COLLECTED DATA section start

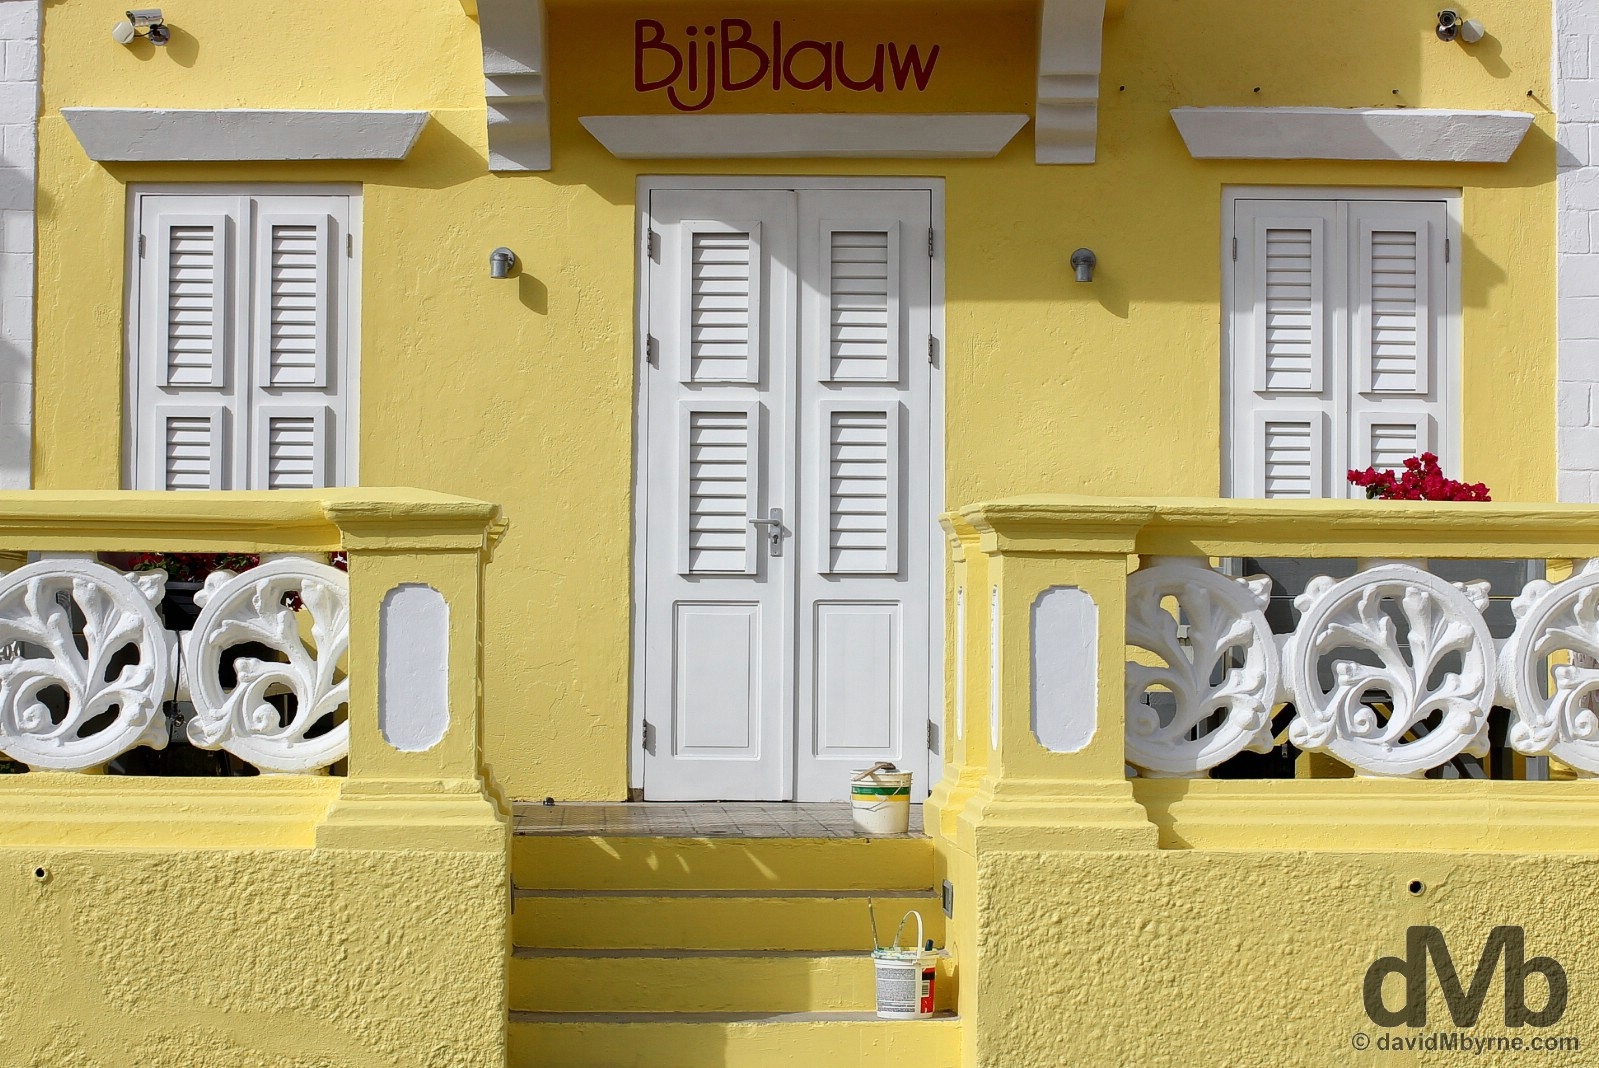 BijBlauw, Kaya Wilson Godett, Willemstad, Curacao, Lesser Antilles. June 20, 2015.
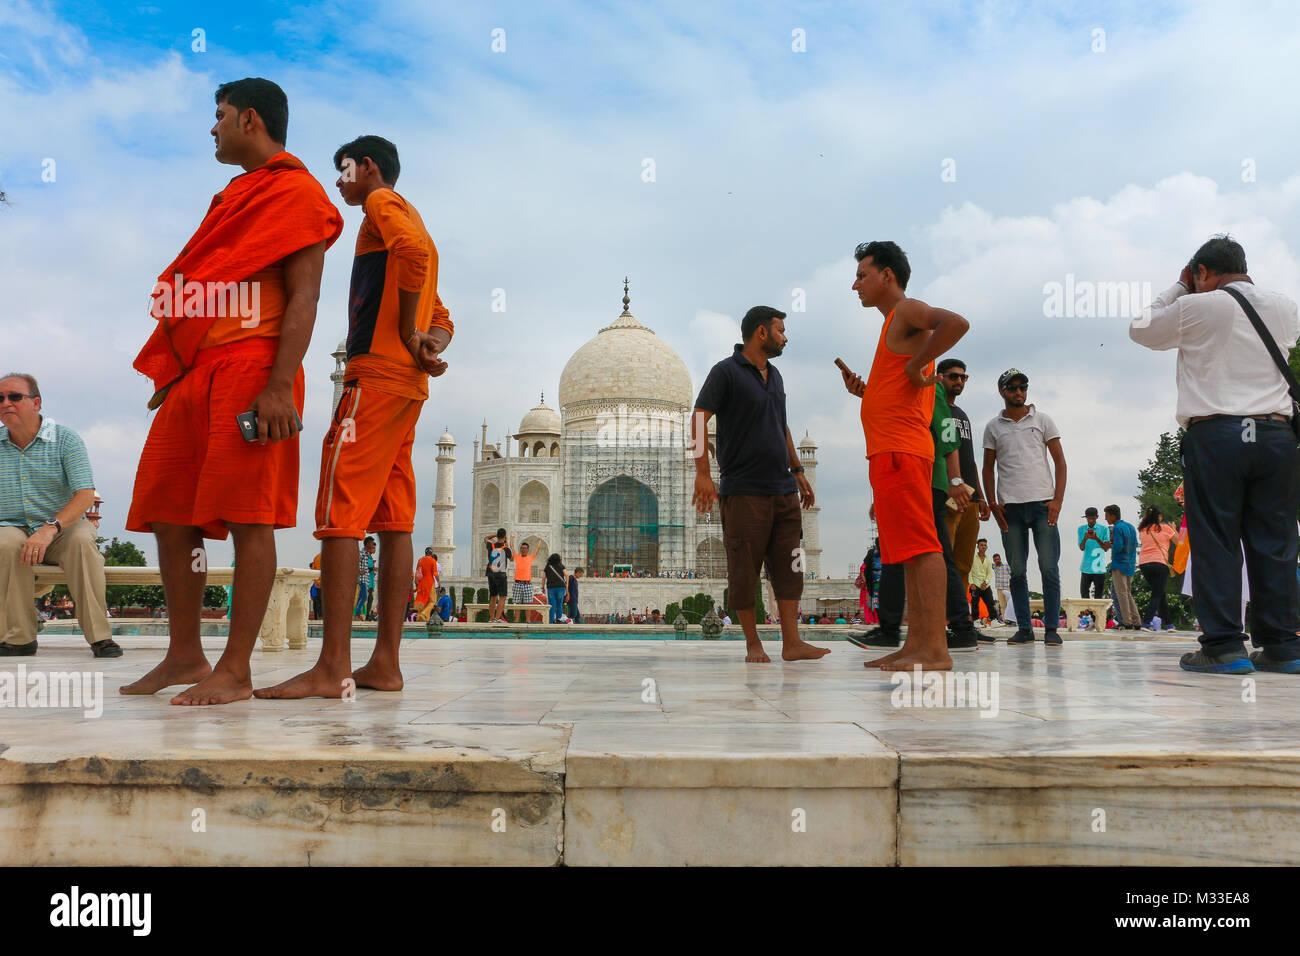 Taj Mahal Palace, Agra, Uttar Pradesh, India Imagen De Stock
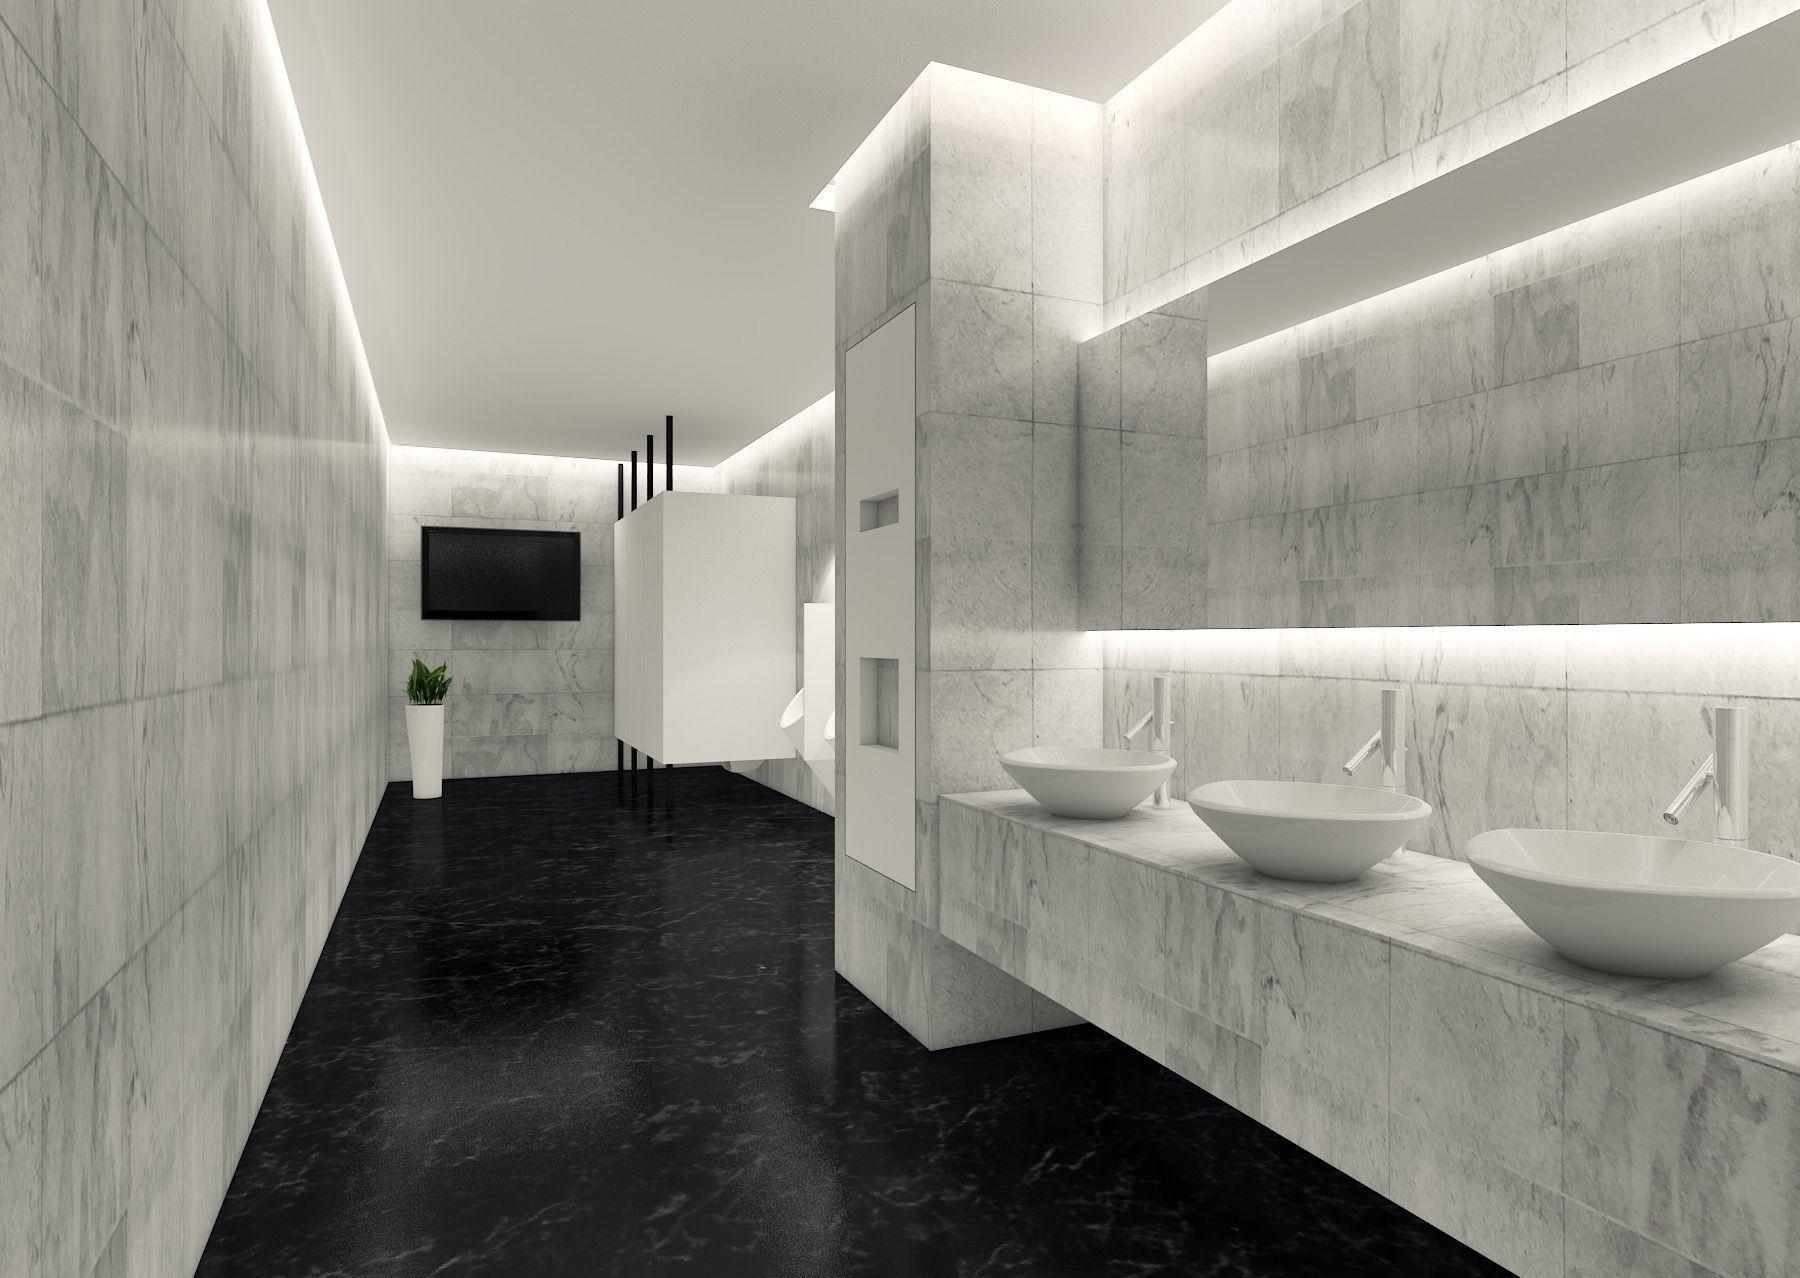 Don T Wait To Get The Best Luxury Bathroom Lighting Design Restroom Design Luxury Bathroom Best Bathroom Lighting

COLLECTED DATA section end

_WHAT YOU SHOULD DO_:
Please set down the lines above word for word and leave out the pictures.

_RESPONSE TO THIS EXERCISE_:
 BijBlauw, Kaya Wilson Godett, Willemstad, Curacao, Lesser Antilles. June 20, 2015.
 Taj Mahal Palace, Agra, Uttar Pradesh, India Imagen De Stock
 Don T Wait To Get The Best Luxury Bathroom Lighting Design Restroom Design Luxury Bathroom Best Bathroom Lighting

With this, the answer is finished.